Provided data:
>>
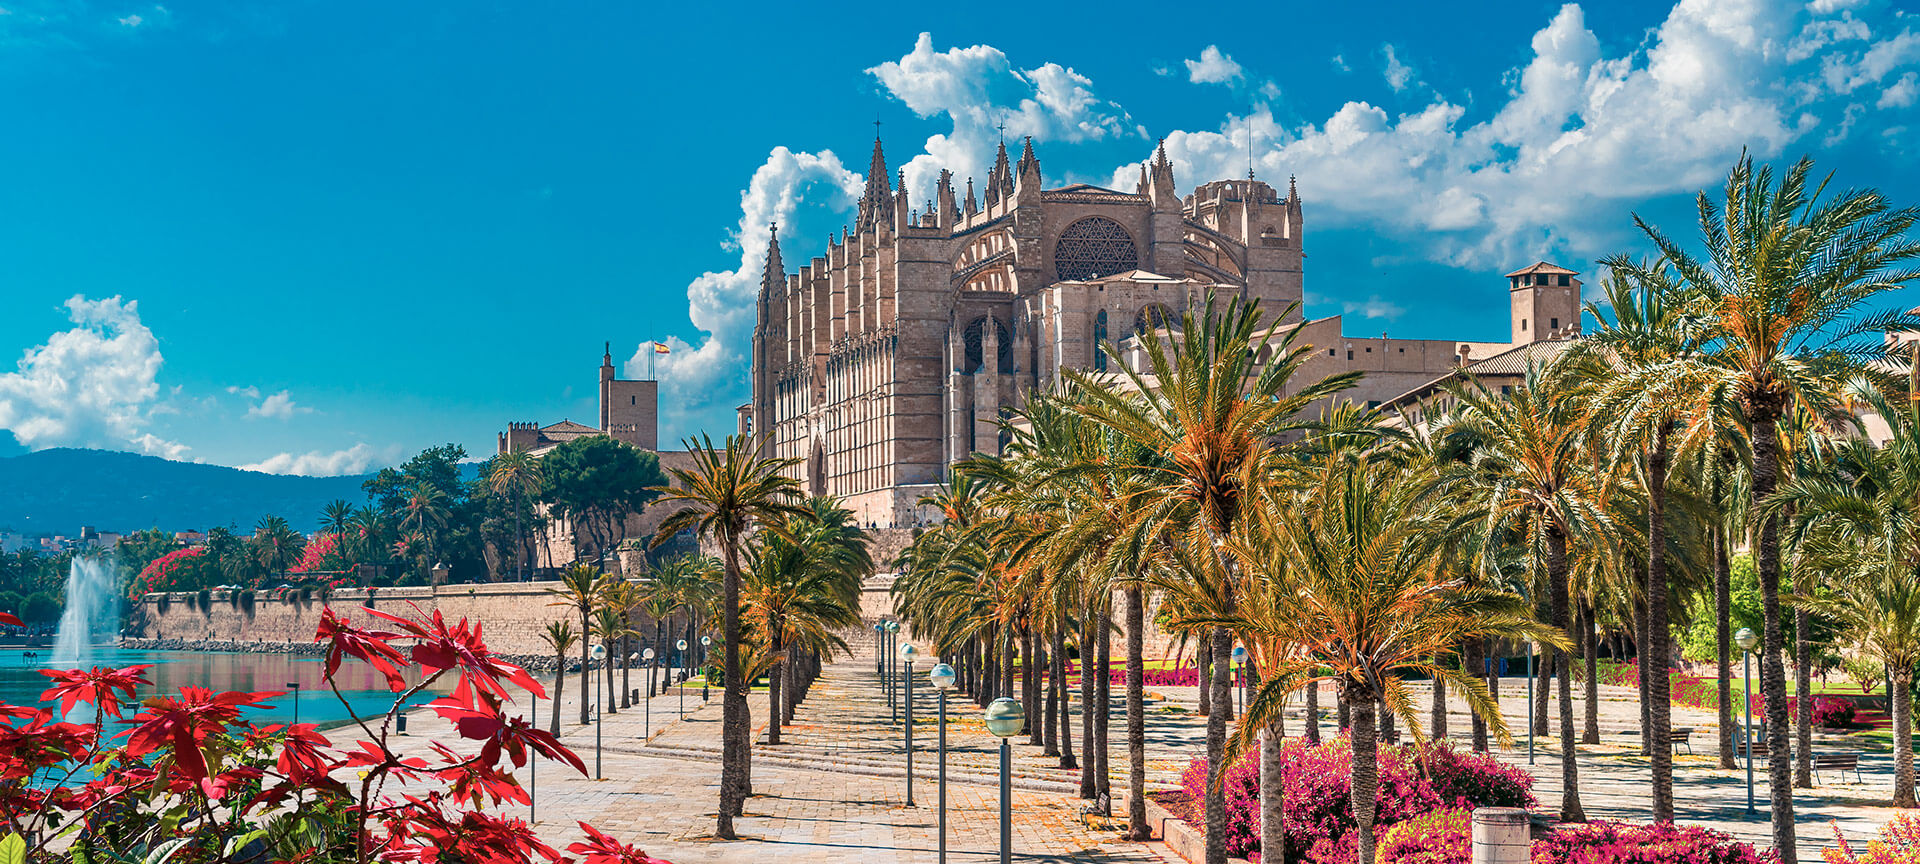 Les 10 Monuments Les Plus Visites D Espagne Spain Info En Francais
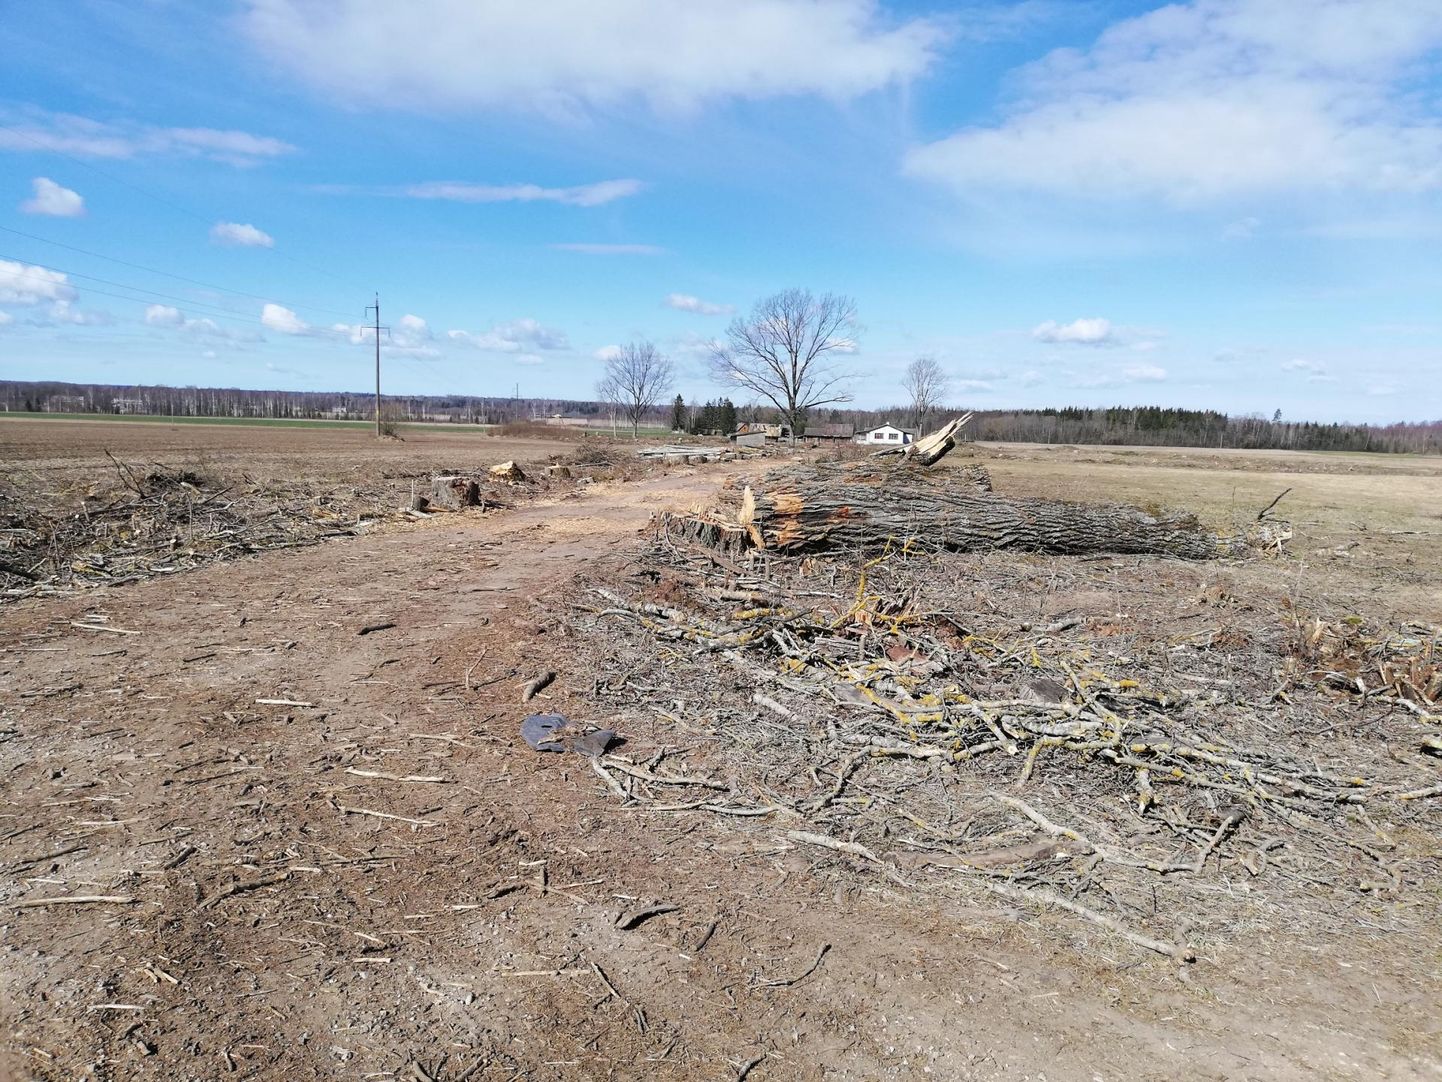 Vana puudeallee mahasaagimine Tõrva vallas Leebiku külas põhjustas loodusesõprades pettumust. Puud asusid aga eramaal ja nende raiumiseks oli luba olemas.
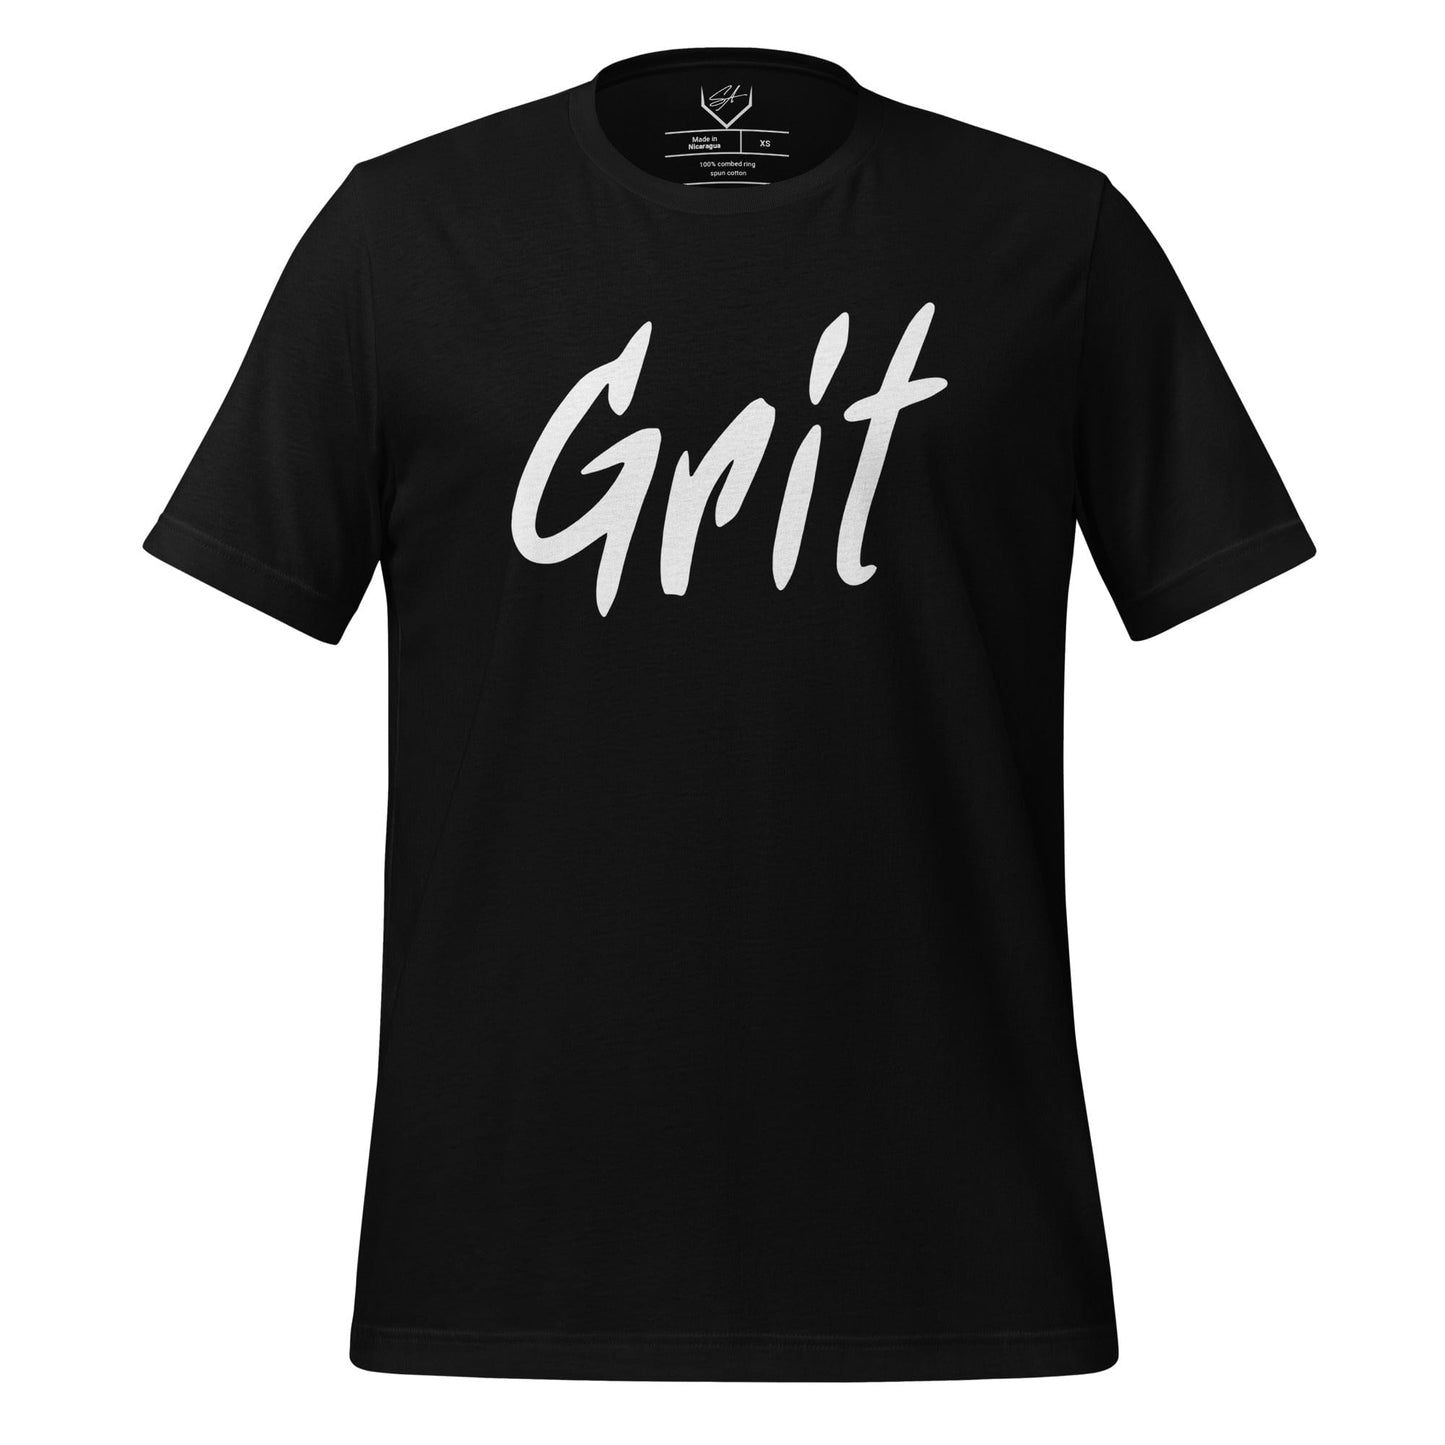 Grit - Adult Tee
<<
Exact reproduction is required for the lines from the one containing "Vana puudeallee mahasaagimine" through the end of the material, and for those lines only, without pictures.

Answer box:
 Vana puudeallee mahasaagimine Tõrva vallas Leebiku külas põhjustas loodusesõprades pettumust. Puud asusid aga eramaal ja nende raiumiseks oli luba olemas.
 Grit - Adult Tee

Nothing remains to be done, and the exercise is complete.